Thursday, May 5, 2011


Hedwig M. Goeks was born in Germany, came to US in 1888, entered the New York Free Circulating Library in 1890 and eventually headed the Muhlenberg and Ottendorfer branches of the NYFCL.  After the NYFCL consolidated with NYPL in 1901, Goeks remained in charge of the Ottendorfer Branch (which served Manhattan’s German community).  In 1905 she was transferred to the Mott Haven Branch in the Bronx and headed that branch until 1919.  She then transferred to be Branch Librarian at the Epiphany Branch and retired in 1920. 

These job details obscure the fact that Goeks career was an example of how the Library dealt with (or avoided dealing with) difficult staff members.
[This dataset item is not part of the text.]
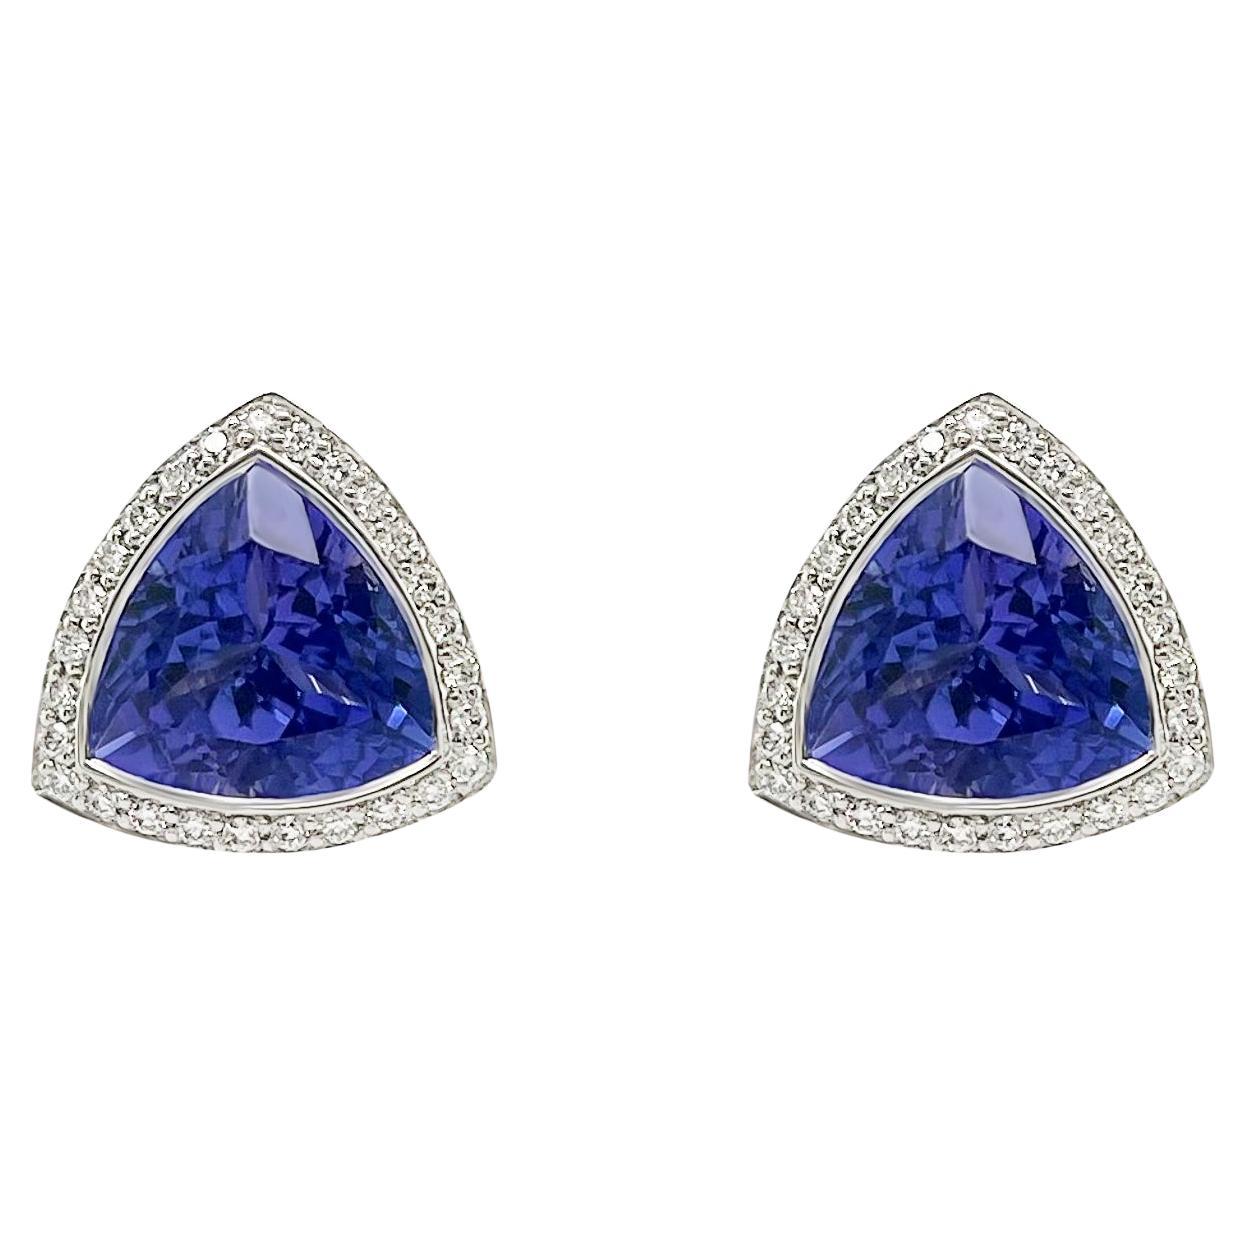 3.61 Carat Trillion Cut Tanzanite Diamond Halo Studs Earrings in 18k White Gold For Sale
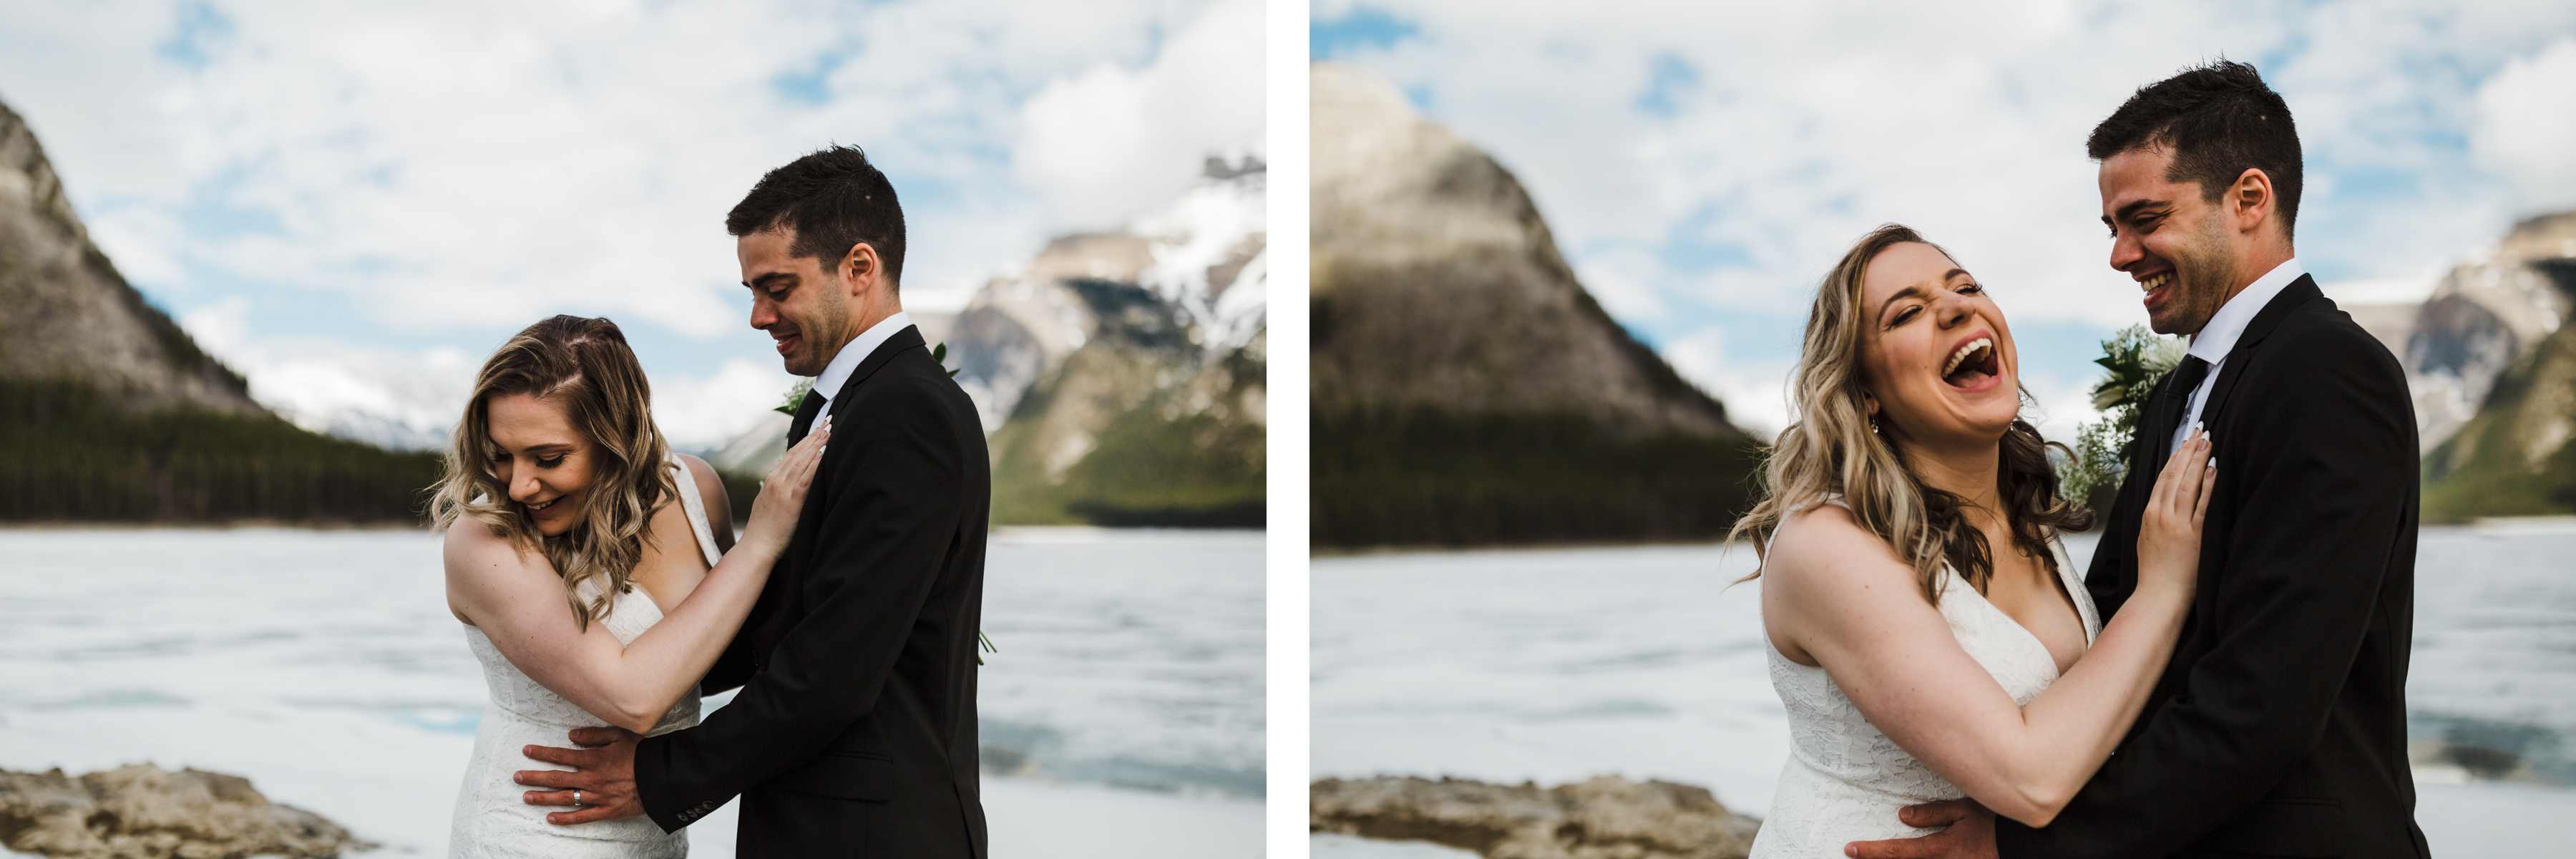 Banff Adventure Wedding Photographers for Lake Minnewanka Elopement - Image 12

In January 1919 Franklin F. Hopper became the third Chief of NYPL’s Circulation Department.   He immediately was faced with complaints from two staff members at Mott Haven who reported that Goeks “rules by a kind of arbitrary Germanic force”.  Hopper found that many assistants refused to work under her and also that Goeks had alienated many users in the neighborhood.   Hopper considered demoting her but recognized that no Branch Librarian would accept her on their staff.  Instead Goeks was transferred to be Branch Librarian at the Epiphany Branch, in a less busy neighborhood.  Within months, Hopper received a letter from six users of Epiphany complaining about Goeks and labeling her a “persona non grata”.   After some negotiation, Goeks agreed to retire with an allowance of $85 per month, reported to be the largest ever given by the Library.

Unfortunately for Goeks that was not the end of the story.  In 1932, the foundation that annually donated money to NYPL to pay for retirement allowances was forced to reduce its gift.  NYPL in turn cut Goeks allowance.  Two years later, when another Branch Librarian was becoming “more and more undependable and erratic”, NYPL cut the allowance of four retirees (including Goeks) to free up money to support this new retiree.

Goeks’ career illustrates the degree to which NYPL felt an obligation to retain difficult or enfeebled librarians in the period before NYC librarians obtained guaranteed pensions.  It also illustrates the strains this paternalistic policy imposed on the Library, other staff members, and users.